Ich weise darauf hin, dass es sich bei den obigen Ausführungen um eine Ersteinschätzung anhand der mir vorliegenden Informationen handelt. Ich empfehle daher, sich gegenüber der Krankenkasse darauf zu berufen, dass Sie Ihren Mitwirkungspflichten in der Vergangenheit vollumfänglich nachgekommen sind und die Steuerbescheide jeweils nach Ablauf des Kalenderjahres vorgelegt haben. Auf dieser Basis seien dann auch Beitragsanpassungen erfolgt.

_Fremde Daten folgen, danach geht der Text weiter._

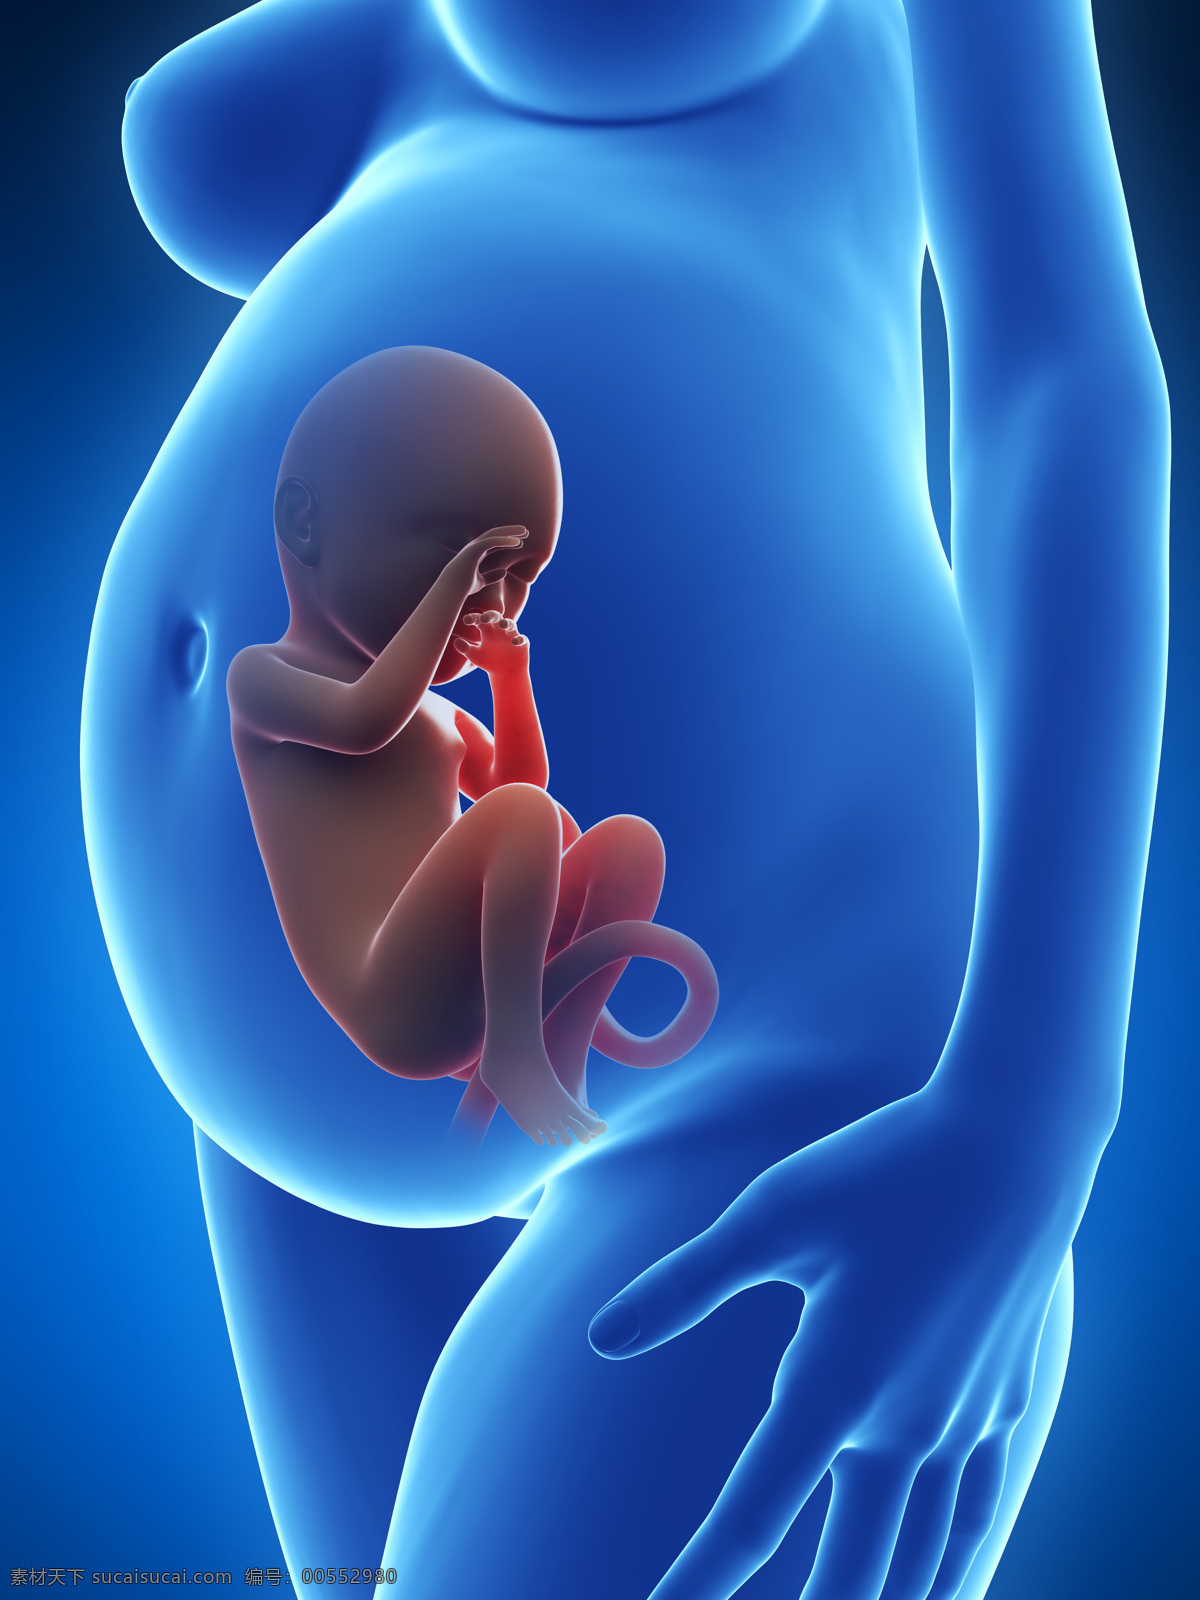 发育中的婴儿 唯美 炫酷 3d 胚胎 发育 婴儿 早期婴儿 初期婴儿 怀孕 子宫里的婴儿 产科 妇产科 早期胚胎 科学 3d设计

Es sei für Sie daher nicht nachvollziehbar, warum nunmehr Jahre nach Übermittlung aller erforderlichen Angaben noch Nachforderungen gestellt werden. Dies sei gemäß § 48 SGB Abs. 1 Satz 2 SGB X rechtlich nicht zulässig

Da die Nachforderung in Kürze von Ihrem Konto eingezogen werden soll, empfehle ich zudem, vorab ein entsprechendes Schreiben an dei Krankenkasse aufzusetzen und zusätzlich dann auch der Abbuchung bei der Bank zu widersprechen. Dies ist grundsätzlich innerhalb von 6 Wochen nach der Abbuchung möglich. Die Einzugsermächtigung müsste in diesem Fall widerrufen werden. Rein vorsorglich empfehle ich, dass Sie sich hierzu auch noch mit Ihrer Bank in Verbindung setzen.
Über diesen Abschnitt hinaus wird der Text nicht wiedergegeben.